AllFlights %>% select(ArrAheadDummy) %>% summarize(perc_ArrAheadDummy = sum(ArrAheadDummy) / n())
##   perc_ArrAheadDummy
## 1          0.6581406

However, PWM beats the national average more dramatically when it comes to flights that are 10 minutes or more early, 55 percent to 42 percent.

AllFlights %>% select(ArrAhead10) %>% summarize(perc_ArrAhead10 = sum(ArrAhead10) / n())
##   perc_ArrAhead10
## 1       0.4207289

For all national ahead-of-schedule flights, we see that American Airlines did 10 percentage points better nationally that it did at PWM. The others do worse, with Jetblue nearly 20 points behind.
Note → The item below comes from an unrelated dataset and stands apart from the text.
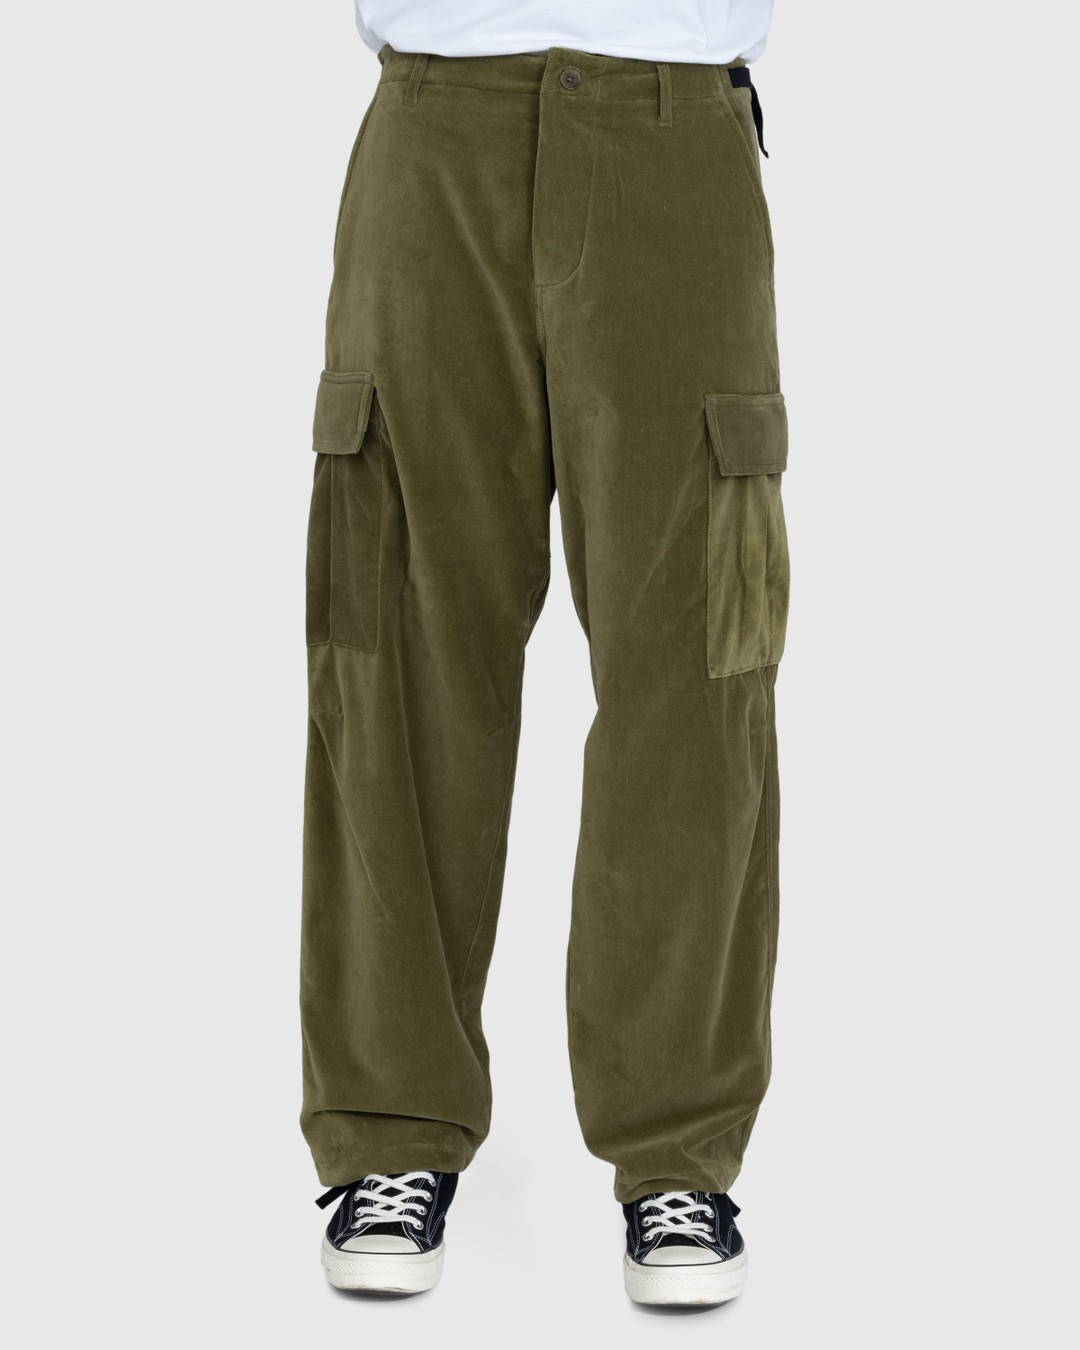 Highsnobiety – Moleskin Cargo Pant Olive - Cargo Pants - Green - Image 2

That helps explain the narrow gap between the PWM and national averages.

Q3B <- AllFlights %>% group_by(Carrier) %>% select(ArrAheadDummy) %>% summarize(perc_ArrAheadDummy = sum(ArrAheadDummy) / n())
## Adding missing grouping variables: `Carrier`
kable(Q3B)
Carrier perc_ArrAheadDummy
AA 0.6380059
AS 0.7002711
B6 0.5436132
DL 0.7089688
EV 0.6747676
F9 0.7410943
HA 0.6634769
NK 0.4888620
OO 0.6034969
UA 0.7337173
VX 0.5845151
WN 0.6627029

On flights that arrive more than 10 minutes early, we see that ExpressJet is the only PWM carrier beating the national average, although American Airlines does far better than it does at PWM.

Q3C <- AllFlights %>% group_by(Carrier) %>% select(ArrAhead10) %>% summarize(perc_ArrAhead10 = sum(ArrAhead10) / n())
## Adding missing grouping variables: `Carrier`
kable(Q3C)
Carrier perc_ArrAhead10
AA 0.4078861
AS 0.4659675
B6 0.3574698
DL 0.4795117
EV 0.4468206
F9 0.5565688
HA 0.1990431
NK 0.2793364
OO 0.3769299
UA 0.5553963
VX 0.3553085
WN 0.3789609

Conclusion

The analysis confirms that PWM beat the national average when it comes to both categories of ahead-of-schedule flights in January 2016. Since the data is limited, this could be due to luck or natural variances if the national data is a fair indicator of normal performance from each carrier.